Ali Yalçın, forumda bugüne kadar gördüğüm en ayrıntılı analizdi bu, tebrik ediyorum..bana çok fazla şey kattın, bu kadar uğraşıp beni hatalarım için uyardığın için tekrar teşekkür ederim.
Ben planlara takılmayacağım, aliyalçın gerekli analizleri yapmış. Ama planlar ve kesmeler için şunu söyleyebilirim genel olarak filmi bir dizi film havasına sokmuş. Üçgen kamera kurulumu tekniği ve kesmeler...

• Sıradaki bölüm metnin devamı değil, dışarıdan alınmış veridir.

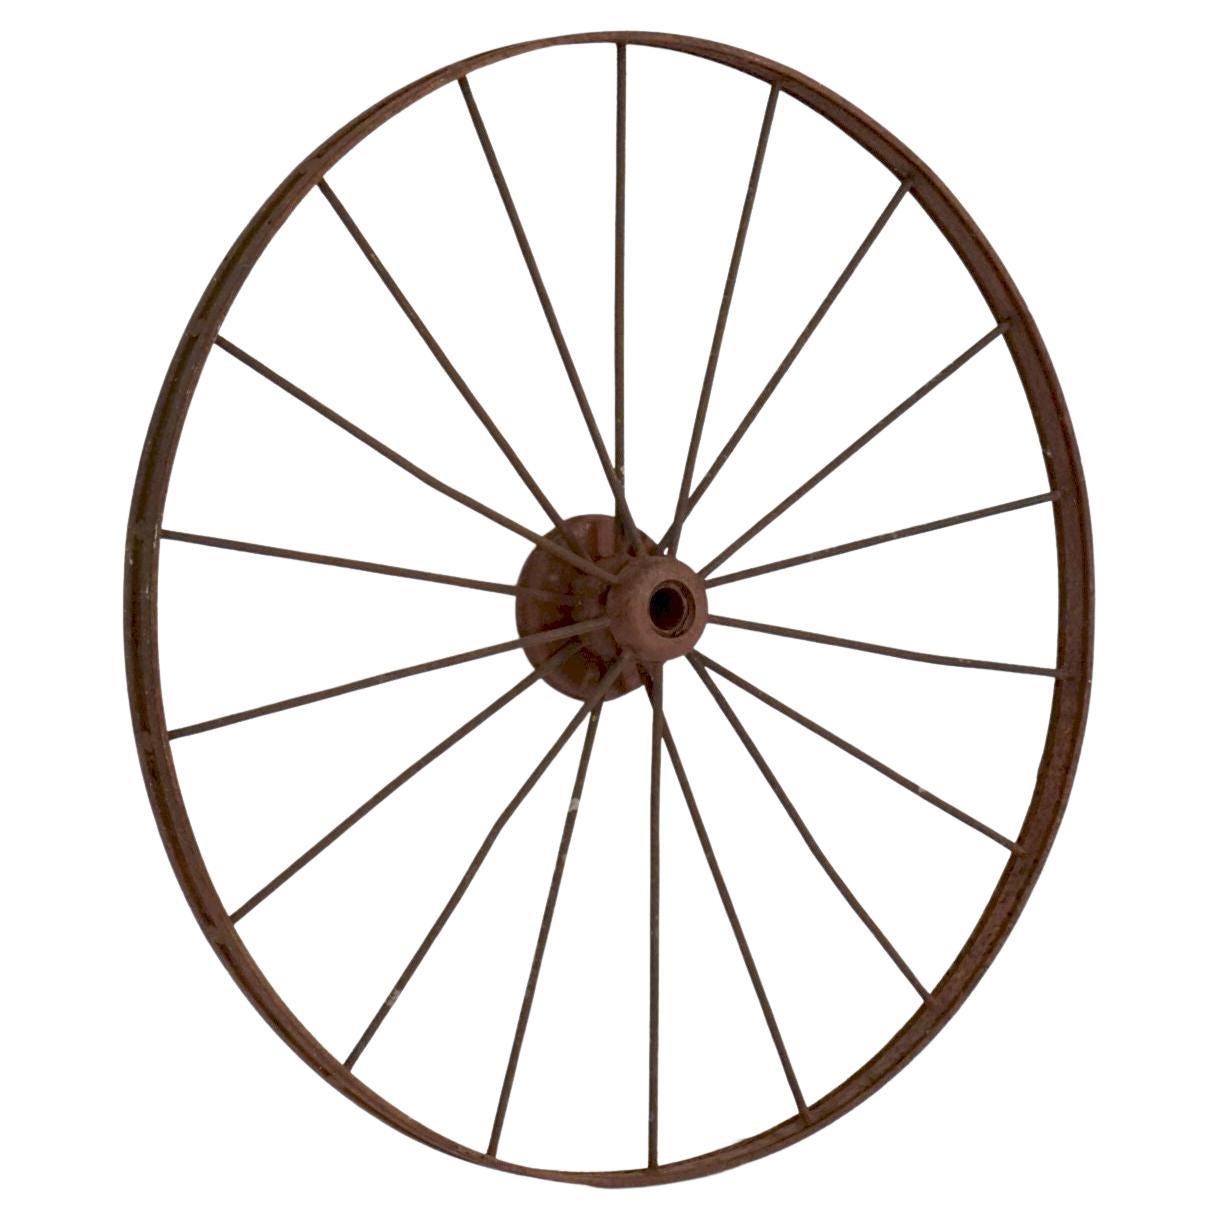 Large English Spoked Cart or Wagon Wheel of Iron from the 19th Century (Dia 54)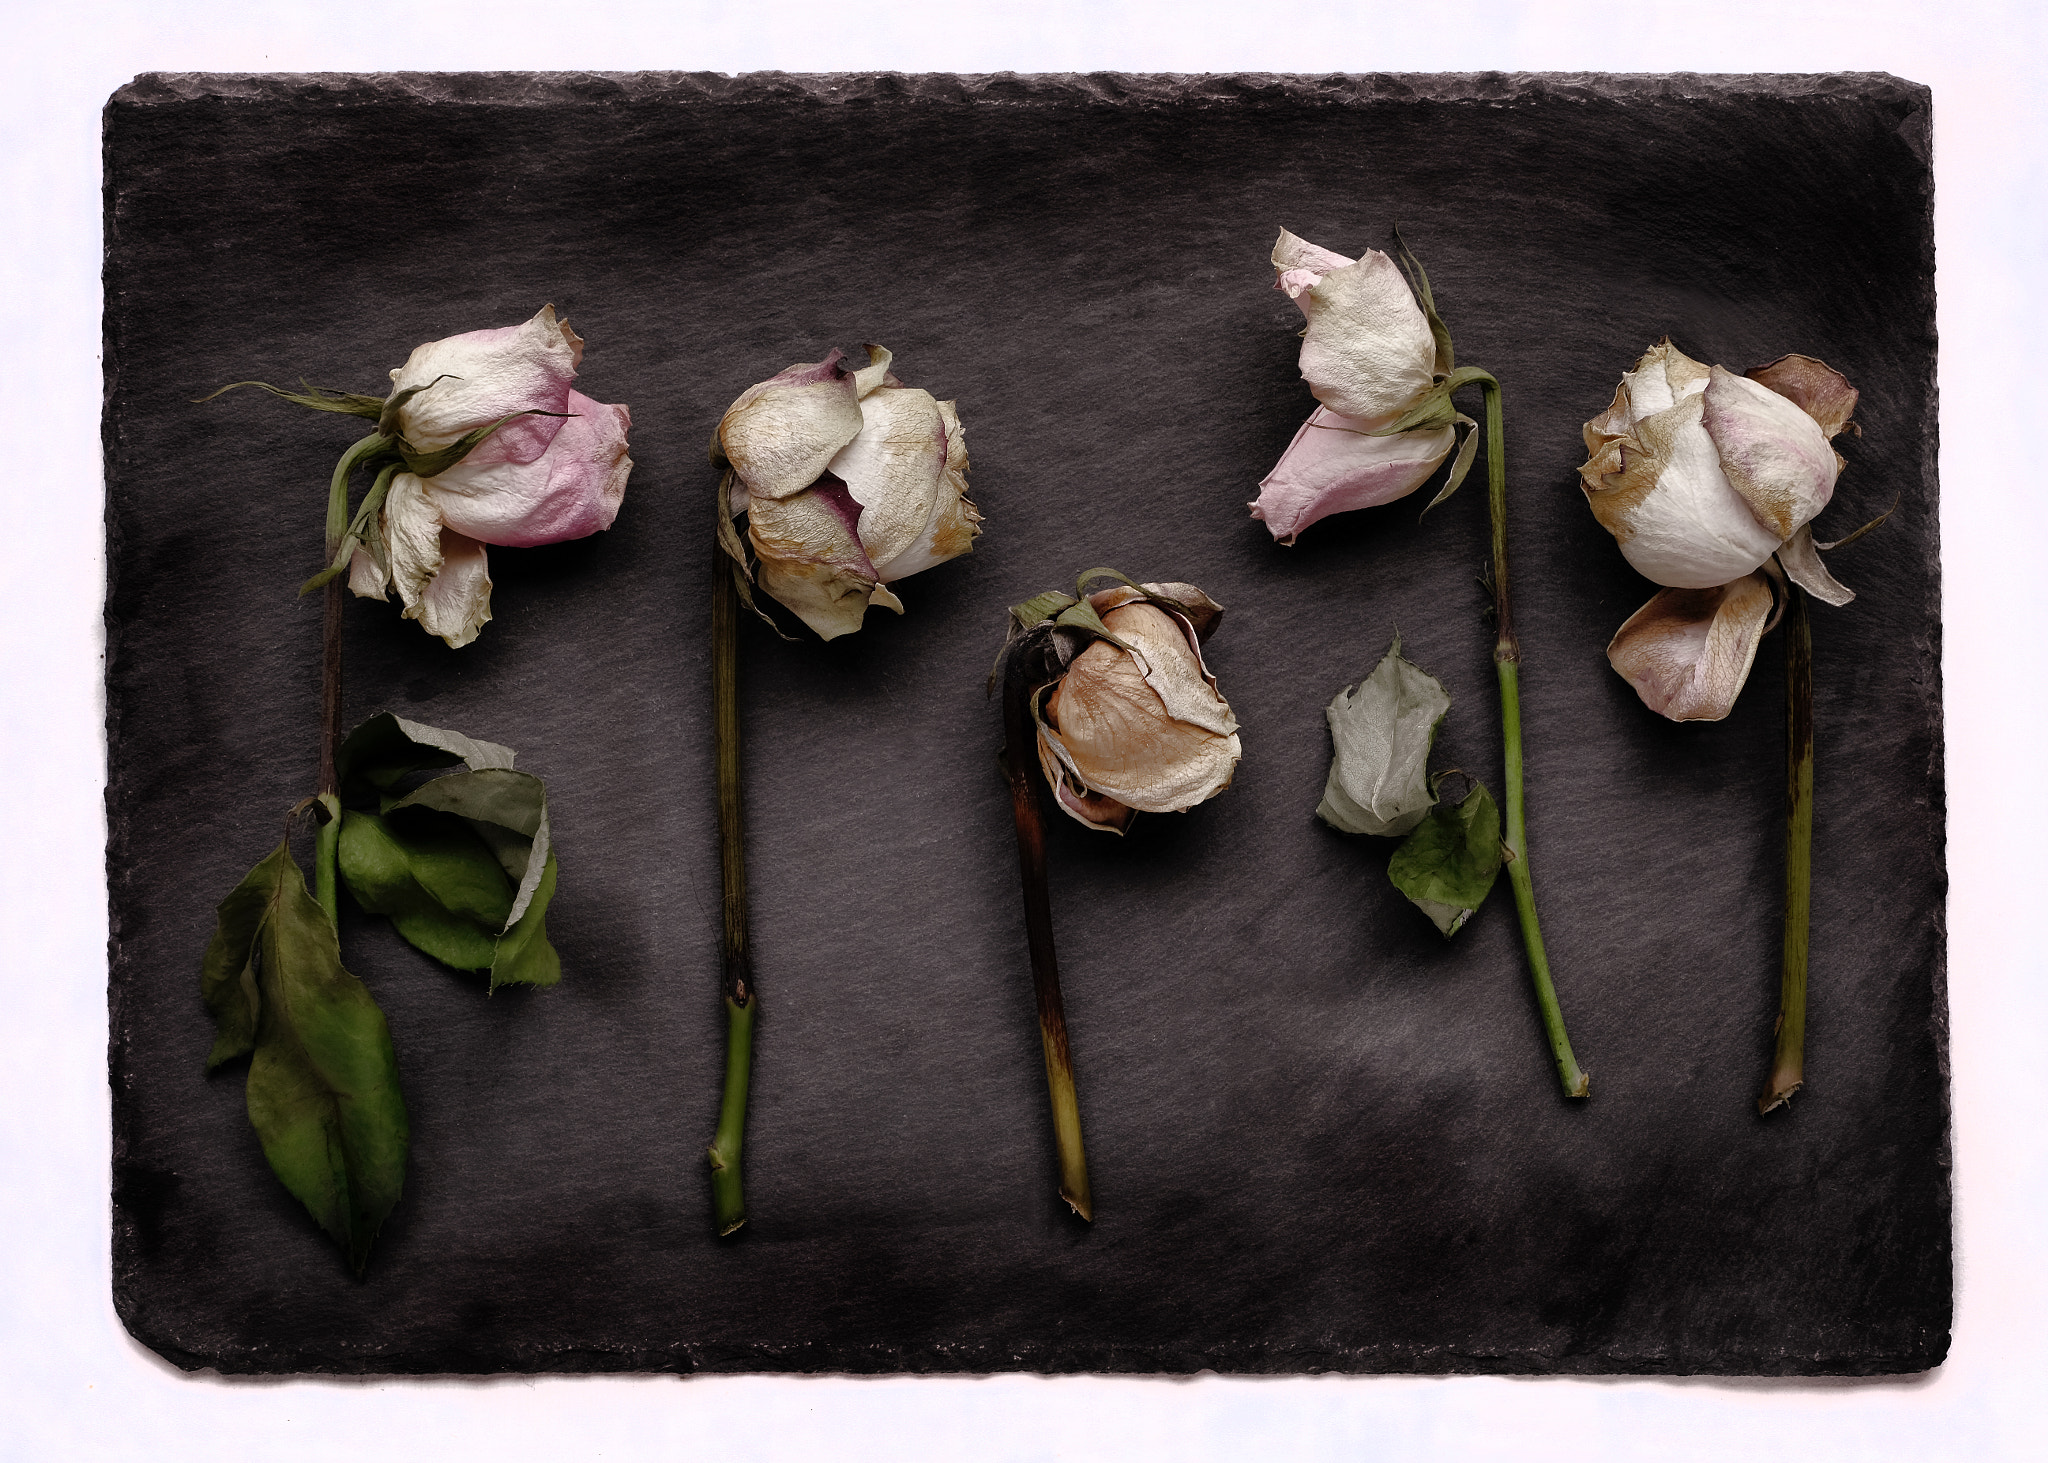 ZEISS Touit 50mm F2.8 sample photo. Five decaying roses photography

Ben bir filmden ziyade bir tiyatro oyunu izlemiş gibi oldum, bence dialog son çare olmalı...
Zaten mevzu dialoga hapsolunca yukarıda bahsettiğim plan seçimleri de kaçınılmaz oluyor.
Giriş harikaydı. Fakat arkasından gelen kesme kötü ne yazık ki...
Filmin genel olarak bir derdi var, fakat bu derdini ısrarla dialoglar aracılığıyla gözümüze sokma gibi bir amacı var. Bu tercihi daha önce de söylediğim gibi benimsemiyorum.
Karakterler arasındaki aynı kopukluk çok daha derin anlamlara gelebilecek şekilde görüntülerle ya da çok az dialogla anlatılabilirdi.
Genel olarak söyleyebileceklerim bunlar...
Daha başka çalışmalarını da bekliyorum Erçin. Merakla.
Kezzap, filmdeki kesmelerin çokluğu benim kendi kendimi tatminimle alakalı..biliyorsun ben de fazlaca kesmeyi sevmiyorum..fakat bazen buna ihtiyacımız oluyor.ben de denemek ve görmek istedim.teşekkürler yorumun için.
yukarıdaki eleştirilerin bir çoğuna katılmamakla birlikte,tekniği falan bir kenara bırakalım.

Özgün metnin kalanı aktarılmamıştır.